Experimental Results and Analysis
Empirical evaluation on Bird-Interact-Full and Bird-Interact-Lite reveals the substantial difficulty of dynamic interactive text-to-SQL:
- GPT-5 achieves only 8.67% SR in c-Interact and 17.00% in a-Interact on the full suite.
- No model exceeds 25.52% normalized reward in a-Interact.
- Follow-up sub-tasks are significantly more challenging, with context concatenation and state dependency as major bottlenecks.
- BI queries are harder than DM queries due to domain-specific logic and analytical reasoning requirements.
Figure 9: The performance of different LLMs with different user patience on Bird-Interact-Lite. The red line denotes a-Interact mode (-a); the blue line denotes c-Interact mode (-c). And the dotted line (Idealized Performance) denotes the performance under ambiguity-free single-turn text-to-SQL.
Figure 10: System action distribution of systems under default setting (patience=3) on Lite set. P1 and P2 indicate the success rate for the first sub-task and the second sub-task.
Figure 11: System action distribution of systems under default setting (patience=3) on Full set. P1 and P2 indicate the success rate for the first sub-task and the second sub-task.
Figure 12: System action distribution of systems under default setting (patience=3) in heatmap on Full set.
Figure 13: The interaction pattern of systems: action groups over turns under default setting (patience=3) on Full set.
Communication and Strategic Interaction
Action Selection in a-Interact
- Models over-utilize costly actions (submit, ask) and under-explore environment tools (schema, knowledge retrieval), reflecting pre-training biases and inefficiencies.
- Balanced strategies (combining environment exploration and user interaction) correlate with higher success rates.
User Simulator Evaluation
Objective and subjective experiments demonstrate the superiority of the function-driven user simulator:
Implications and Future Directions
Bird-Interact exposes a critical gap between current LLM SQL generation capabilities and the strategic, interactive skills required for real-world database assistants. The benchmark's difficulty and analysis suggest several research directions:
- Interactive Reasoning: Development of LLMs with explicit planning, ambiguity detection, and clarification strategies.
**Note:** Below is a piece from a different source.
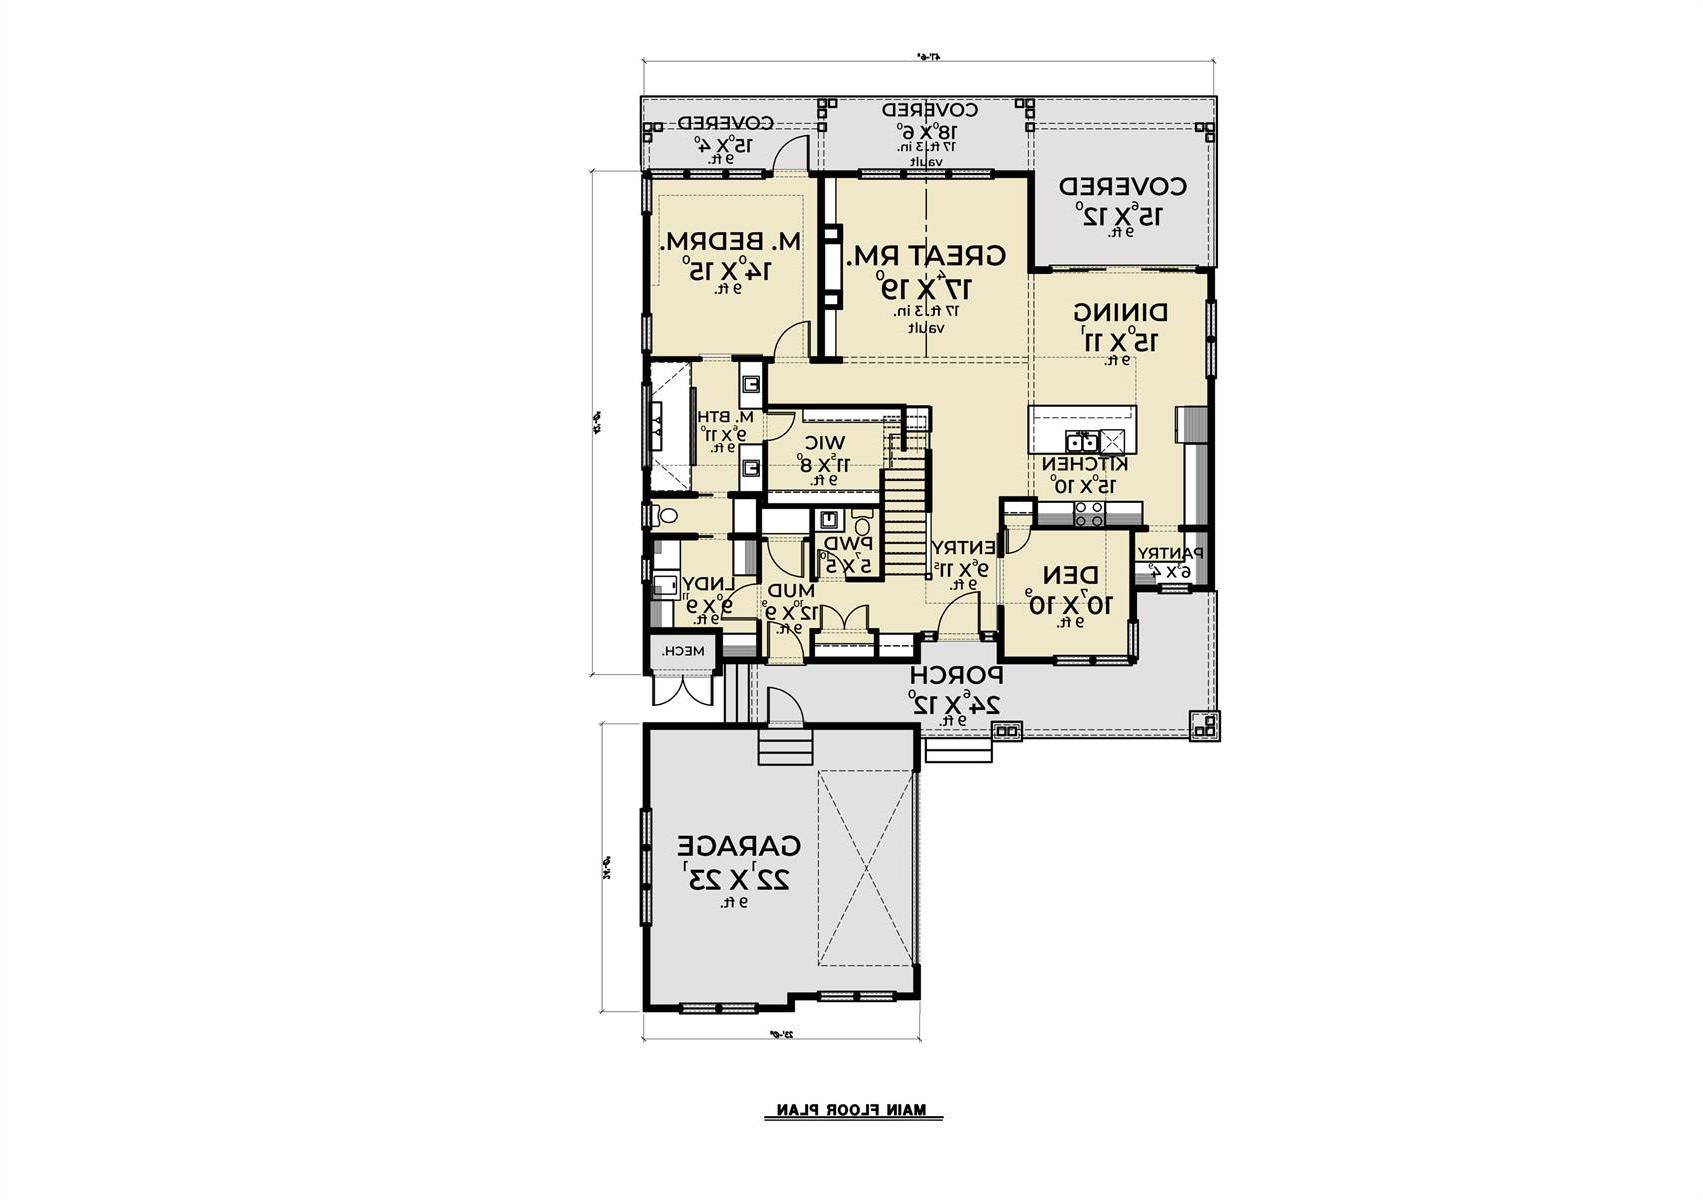 1st Floor image of Craftsman 392 House Plan

- Human-Aligned User Simulators: Post-training local simulators for more reliable, cost-effective evaluation.
- Free-Mode Evaluation: Studying unconstrained interaction strategies to understand efficiency-effectiveness trade-offs.
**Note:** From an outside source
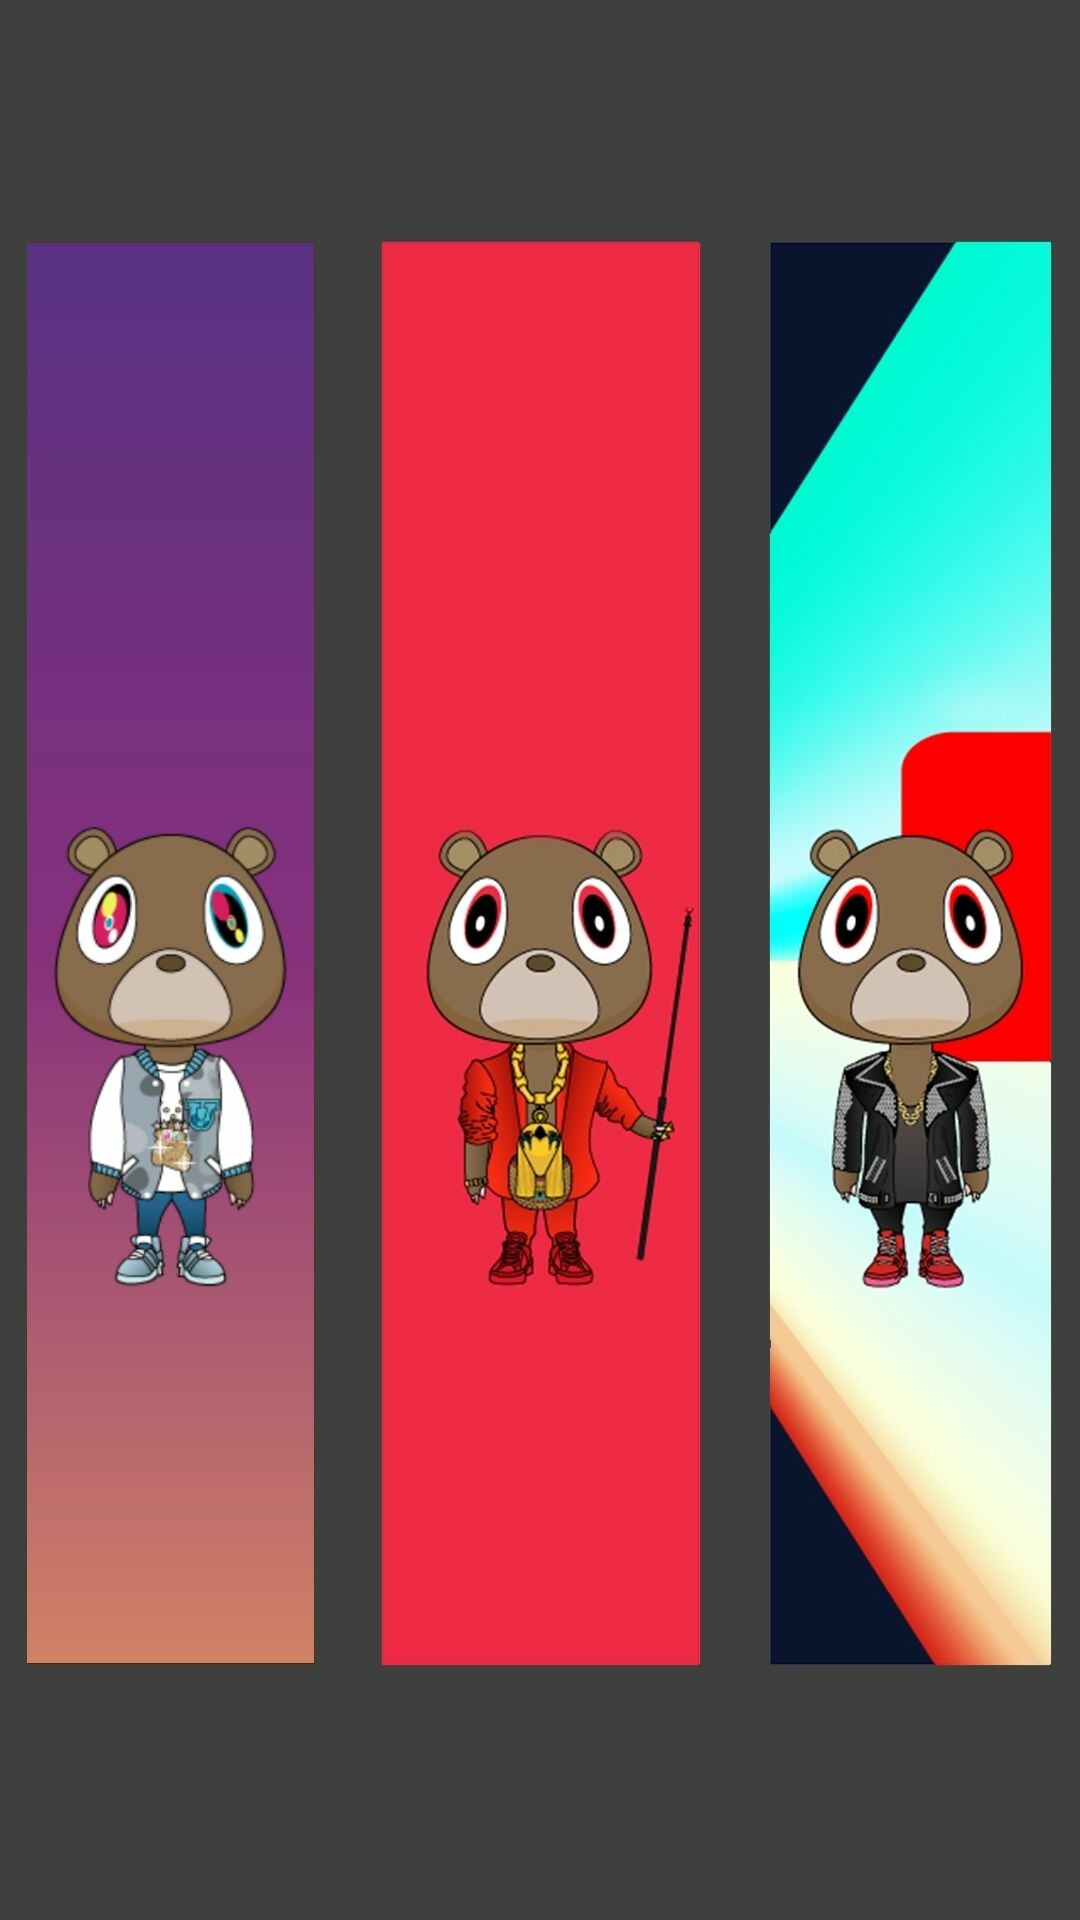 Kanye West: Yeezy bear, Music album, Def Jam Recordings, Roc-A-Fella Records. 1080x1920 Full HD Wallpaper.

- Generalization Beyond SQL: Adapting the dynamic interaction framework to other domains (e.g., code synthesis, API generation).
Conclusion
Bird-Interact establishes a new standard for evaluating interactive text-to-SQL systems, combining dynamic multi-turn tasks, robust user simulation, and dual evaluation modes. The benchmark reveals substantial limitations in current LLMs' ability to handle ambiguity, maintain state, and engage in strategic interaction, highlighting the need for advances in collaborative reasoning and agentic planning. Bird-Interact provides a rigorous platform for future research on human-AI collaboration in database querying and beyond.